I think that code as it is now is "fine" - it isn't long and it does the job. I wonder and hope that you can help me make it run faster so that when i apply it to tens of thousands of texts it wont years to finish. Also - any tips on writing better code will help a lot!
You do a lot of converting on-the-fly which seems to me completely unnecessary. You really should provide things as sets if you use only set functionality. If I'm seeing this correctly you don't need the ordering of the list so just fill sets into the arguments rather than lists. With this you can save all the conversion stuff inside the function.

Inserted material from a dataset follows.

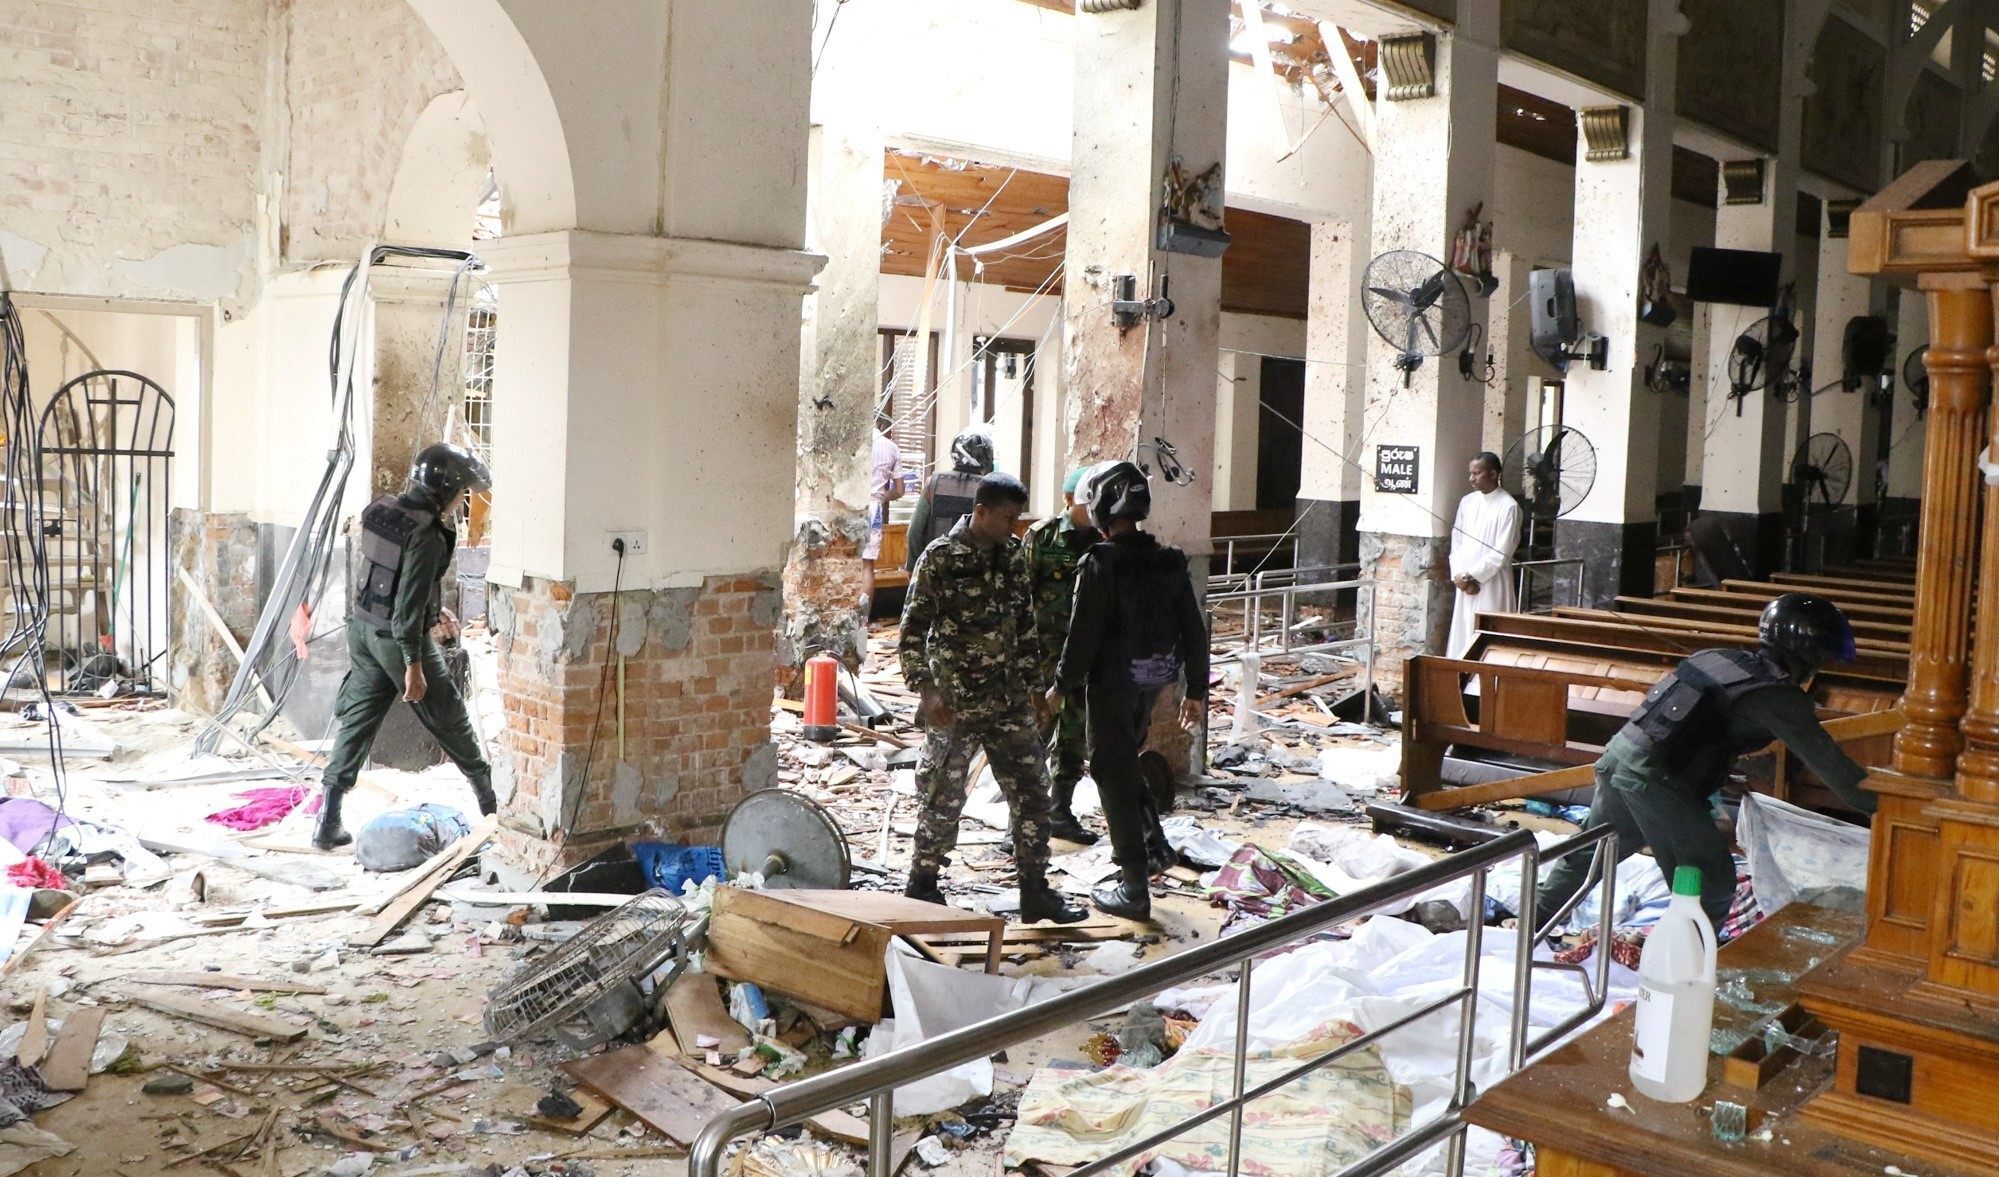 Security forces inspect a church hit by a bomb in Colombo, Sri Lanka in April 2019, when almost 300 people were killed in Easter Sunday blasts. Now a Sri Lankan court has ordered the release of a lawyer arrested over his alleged ties to the bombings and held for nearly two years on charges rights groups say lacked evidence. Photo: Getty Images

Additionally, if the file is not too large and you are using the function a lot of times, you can save much performance by loading the data only once globally and saving it in memory instead of reloading it all the time inside the function. You could e.g. create a data structure which loads those data automatically and caches it to prevent reloads. The @property
decorator is well-suited for such use-cases.
I would also create a dictionary which maps the variants to the correct value. Something like
{
"afghan": "afghanistan",
"afghans": "afghanistan",
# ...
}
With this you can save / outsource one loop in your function.
One warning though: You should almost never use an empty list in the argument list as default value. Here is why - found at this SO Post
Actually, this "flipped" dictionary is not helpful. As you mentioned there was also a problem with matching subwords e.g. Oman
in woman
. You can prevent this and eventually even speed things up a bit using regex (I don't actually know, didn't do a performance test).
import itertools
import json
from typing import Optional, Iterable
from regex import regex
class CountryProvider:
def __init__(self):
self._countries: Optional[set[str]] = None
self._patterns: Optional[dict[str, regex.Pattern]] = None
def _load_countries(self):
with open("country_names.txt") as file:
countries = json.load(file)
self._patterns = {
country: regex.compile(
rf"\b({country}|" + "|".join(variants) + r")\b", regex.IGNORECASE
)
for country, variants in countries
}
self._countries = set(countries.keys())
@property
def countries(self) -> set[str]:
if self._countries is None:
self._load_countries()
return self._countries
@property
def patterns(self) -> dict[str, regex.Pattern]:
if self._patterns is None:
self._load_countries()
return self._patterns
COUNTRY_PROVIDER = CountryProvider()
def find_countries(
text: str,
exclude: Optional[list[str]] = None,
extra: Optional[dict[str, list[str]]] = None,
) -> list[str]:
# preprocess text input
# set empty list for exclude and extra if they are None
countries = COUNTRY_PROVIDER.countries
patterns = COUNTRY_PROVIDER.patterns
extra_patterns = {
country: regex.compile(
rf"\b({country}|" + "|".join(variants) + r")\b", regex.IGNORECASE
)
for country, variants in extra
if country not in exclude
}
mentioned_countries: list[str] = []
for country in countries:
if country in exclude:
continue
if regex.search(patterns[country], text, regex.IGNORECASE) is not None:
mentioned_countries.append(country)
for country in extra:
if regex.search(extra_patterns[country], text, regex.IGNORECASE) is not None:
mentioned_countries.append(country)
return mentioned_countries
Note that the patterns dictionary contains a regex pattern for each country which should match all variants.